A single test particle's potential energy, $U_{\mathrm {E} }^{\text{single}}$ , can be calculated from a line integral of the work, $q_{n}{\vec {E}}\cdot \mathrm {d} {\vec {\ell }}$ . We integrate from a point at infinity, and assume a collection of $N$ particles of charge $Q_{n}$ , are already situated at the points ${\vec {r}}_{i}$ . This potential energy (in Joules) is:

$U_{\mathrm {E} }^{\text{single}}=q\phi ({\vec {r}})={\frac {q}{4\pi \varepsilon _{0}}}\sum _{i=1}^{N}{\frac {Q_{i}}{\left\|{\mathfrak {\vec {r}}}_{i}\right\|}}$ where ${\vec {\mathfrak {r}}}_{i}={\vec {r}}-{\vec {r}}_{i},$ is the distance of each charge $Q_{i}$ from the test charge $q$ , which situated at the point ${\vec {r}}$ , and $\phi ({\vec {r}})$ is the electric potential that would be at ${\vec {r}}$ if the test charge were not present.
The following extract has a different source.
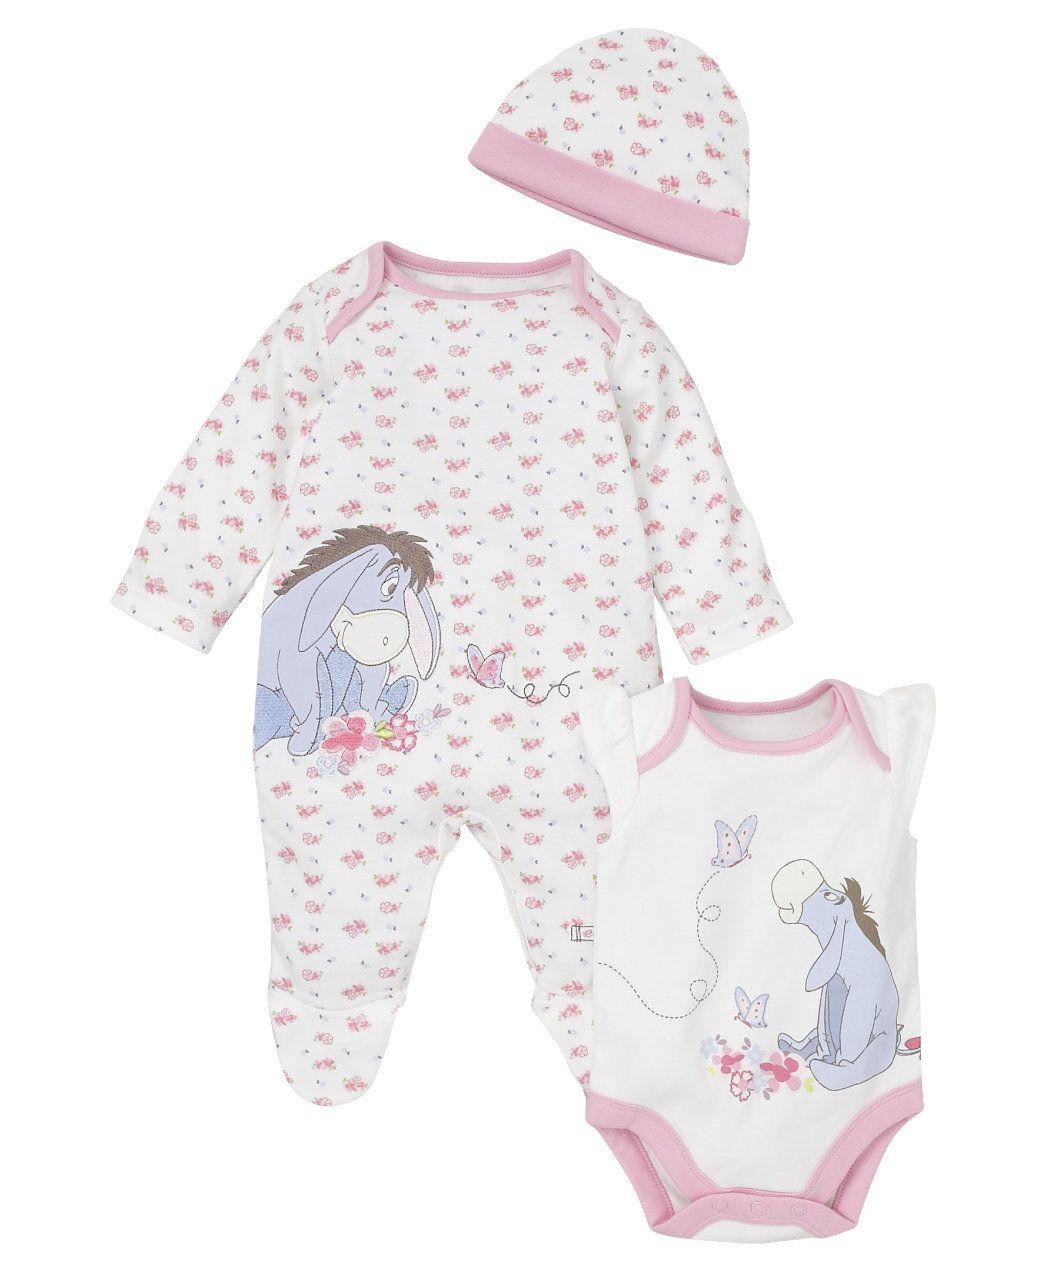 248fd61d Eeyore Set - 3 Piece Set - co-ordinated sets - Mothercare   Baby ...

If only two charges are present, the potential energy is $k_{e}Q_{1}Q_{2}/r$ . The total electric potential energy due a collection of N charges is calculating by assembling these particles one at a time:

$U_{\mathrm {E} }^{\text{total}}={\frac {1}{4\pi \varepsilon _{0}}}\sum _{j=1}^{N}Q_{j}\sum _{i=1}^{j-1}{\frac {Q_{i}}{r_{ij}}}={\frac {1}{2}}\sum _{i=1}^{N}Q_{i}\phi _{i},$ where the following sum from, j = 1 to N, excludes i = j:

$\phi _{i}={\frac {1}{4\pi \varepsilon _{0}}}\sum _{j=1(j\neq i)}^{N}{\frac {Q_{j}}{4\pi \varepsilon _{0}r_{ij}}}.$ This electric potential, $\phi _{i}$ is what would be measured at ${\vec {r}}_{i}$ if the charge $Q_{i}$ were missing. This formula obviously excludes the (infinite) energy that would be required to assemble each point charge from a disperse cloud of charge. The sum over charges can be converted into an integral over charge density using the prescription $\sum (\cdots )\rightarrow \int (\cdots )\rho \mathrm {d} ^{3}r$ :

$U_{\mathrm {E} }^{\text{total}}={\frac {1}{2}}\int \rho ({\vec {r}})\phi ({\vec {r}})\operatorname {d} ^{3}r={\frac {\varepsilon _{0}}{2}}\int \left|{\mathbf {E} }\right|^{2}\operatorname {d} ^{3}r$ ,

This second expression for electrostatic energy uses the fact that the electric field is the negative gradient of the electric potential, as well as vector calculus identities in a way that resembles integration by parts. These two integrals for electric field energy seem to indicate two mutually exclusive formulas for electrostatic energy density, namely ${\frac {1}{2}}\rho \phi$ and ${\frac {\varepsilon _{0}}{2}}E^{2}$ ; they yield equal values for the total electrostatic energy only if both are integrated over all space.